On Tolerance and Containment

On Tolerance and Containment by Wendy Palmer

 

What is it that makes us react to a person when we have never looked into their eyes or spoken to them? Our sense of self is often organized in terms of our thoughts and feelings. But other people’s sense of who we are is often in terms of how they perceive our energy, the quality of our vitality and intensity. Facial expression is important but people can have a feel for us even if they can’t see our face. Have you ever had the experience of noticing the way some one is sitting or standing and had a strong feeling of attraction or repulsion toward them even if you couldn’t see their face? Somehow we relate or react to people on an energetic level. We are picking up information without words or facial expression. What is it that we are responding to? How is it that we communicate a specific message by just standing, sitting or acting in a way that we consider to be normal? If we can become aware of what our energy is communicating perhaps we might be able to be more effective in how we manage the quality of our energy and recognize how we increase discomfort or create a peaceful, pleasant feeling in a situation by just sitting or standing, just being where we are.

Certain attitudes seem to affect how we communicate without saying anything. I have noticed that in our cultural we have a tendency to swing between over expression and repression and thus we miss the important element of containment that allows us to be skillful in a social environment.

When a person is caught up in over expression they tend to increase or add to the intensity level of the situation. One way this happens is by bringing a story and the energy of past experience to the situation. In repression the tendency is to suck the energy in and doing so suck the energy present in the environment in as well as creating a sort to black hole. This actually creates the opposite to the desired effect. When we repress some feeling what we are trying to achieve is less intensity coming toward us not more. The black hole created by the sucking quality of repression increases the intensity thus adding to the anxiety or resentment. The discomfort is from restraining the natural response to what is occurring in the moment. Clearly neither over expression nor repression achieves the desired result.

The missing element is the capacity for containment. Containment is based on the ability to accept and open to the situation that presents itself. The real challenge is to do this without trying to change what is taking place. Tolerance is needed to begin to create the capacity for containment. The ability to tolerate intensity is the foundation of our ability to be present and relaxed in the face of what is. Tolerance allows us to hold or contain feelings of intensity and energy and is the basis of genuine compassion under pressure.
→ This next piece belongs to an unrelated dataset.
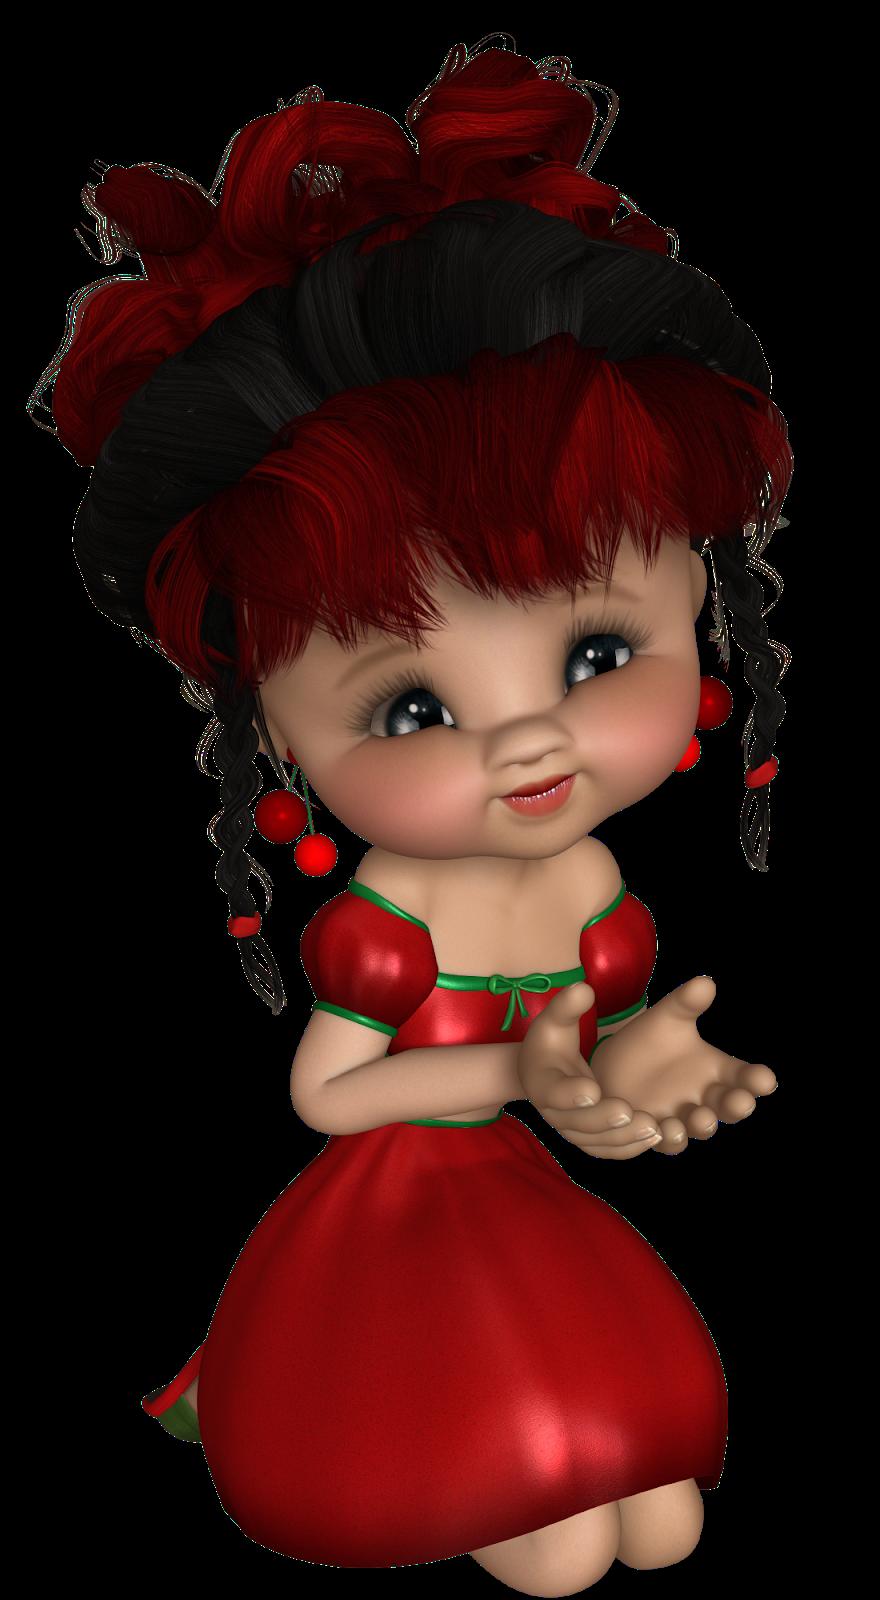 Image Larissa422 4 in VARIAS-LARISSA album | Куклы, Картинки

Energy has been described as vitality, intensity, or the capacity for action. In a more fundamental view, it is the innate activity of particles vibrating within atoms and molecules. It is vibration. Ask yourself, on a scale of 1–100, how much energy does this situation represent? If we can equalize the amount we experience that is coming to us from the outside with the same amount in our own system, then the situation will be balanced and neutralized rather than seem overwhelming.

I live in the town of San Rafael California. It is one of two places in the United States where guide dogs for the blind are trained. It is amazing and truly inspiring to watch how carefully the trainers work with the dogs in and around town. They seem to exude discipline and infinite patience. Throughout the entire year you can see them working with the dogs teaching them to navigate crosswalks, crowds and the craziness of city life. In the earlier stages of working with the harness the trainers stop and praise the dog each time it navigates a crosswalk or reads a light signal correctly. This seems to build the dog’s confidence and tolerance, two qualities it will need for staying focused in the complex and sometimes chaotic moments of city life. As in all development the training is a continuation of refinement and repetition. These dogs are a beautiful example of containment. They have to be able to function in an intense situation without adding to it or shrinking away from it.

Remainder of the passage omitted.